Wine connoisseurs have a ready word for the imprinting of locale on the character of wine: terroir. But the ‘terroir’ principle can apply to any object of consumption.
As tracers of ‘place,’ we become part detective, part aesthete, and part historian. Senses must be cultivated. Questions must be asked. East In Eden has opened up two important tracks of opportunity for tracing ‘place.’ One is for the artists: the interpretation of their own productive source in the Pomona Valley. The other is for the audience: the reception of the artists’ locale-inspired products. In this exhibition scenario, the artists are first-order consumers of locale. Spectators are second-order consumers, consuming the products of the artists.

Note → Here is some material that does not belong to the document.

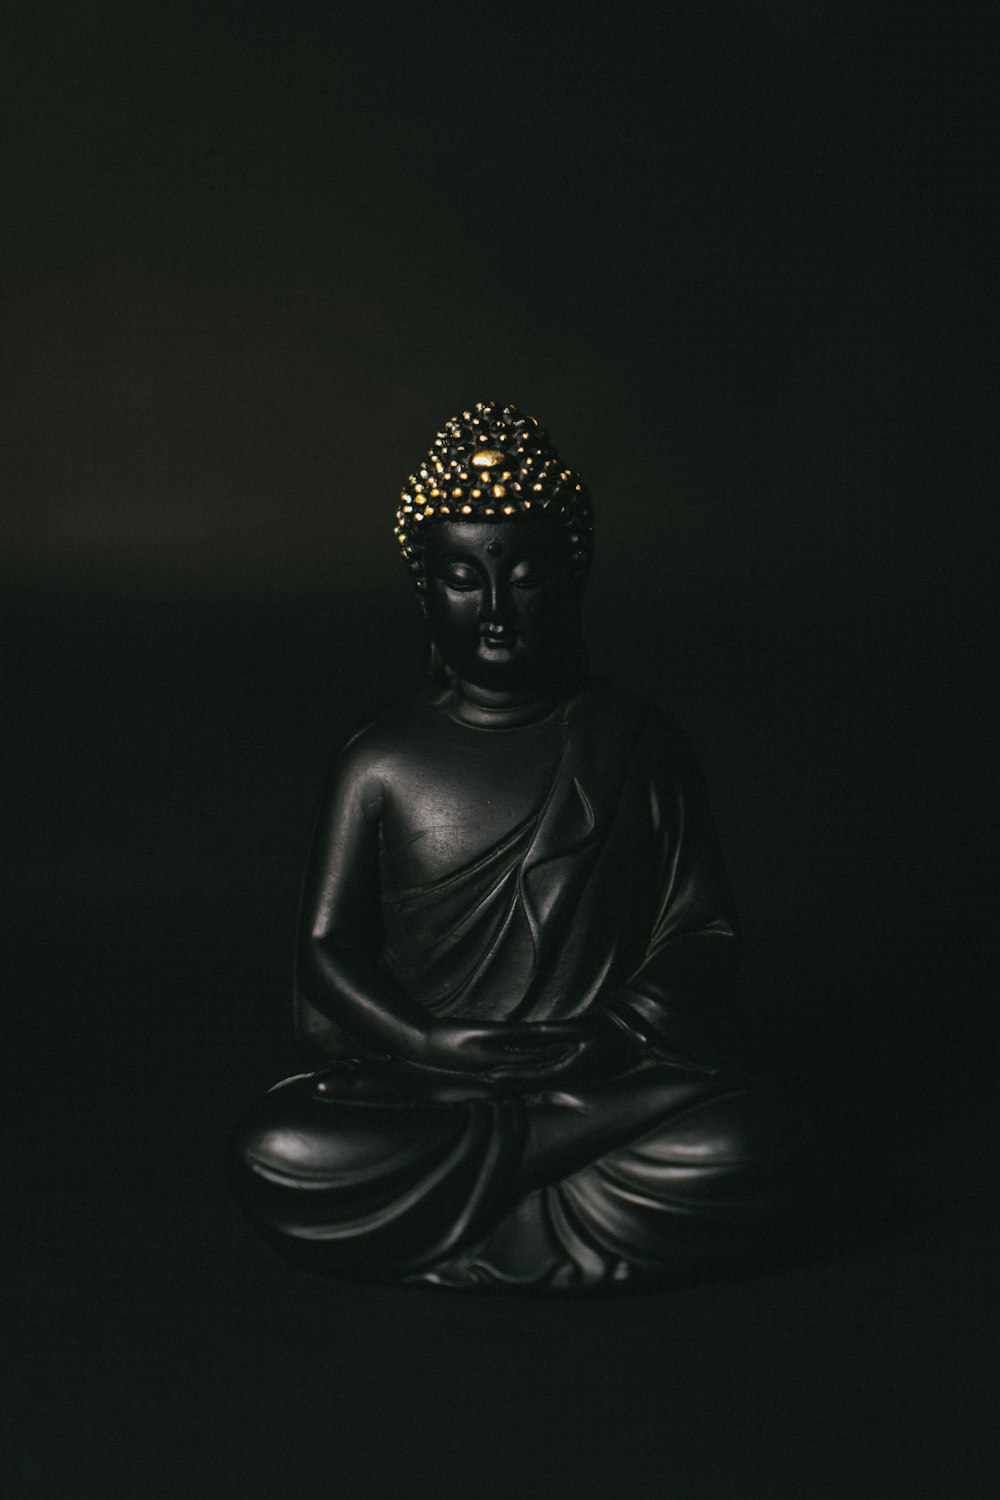 estátua preta de Gautama Buddhadha no fundo preto

Ideally, regardless of our position in the chain of consumption, we can optimize our consumer role by connecting the sensations we “get” by consuming with an awareness of how it got to us, the physical and cultural costs of products we behold. For only then will our consumption reveal production instead of falsifying or denying it. Only then will our valuation of ‘place’ come into alignment with our actual dependence on it.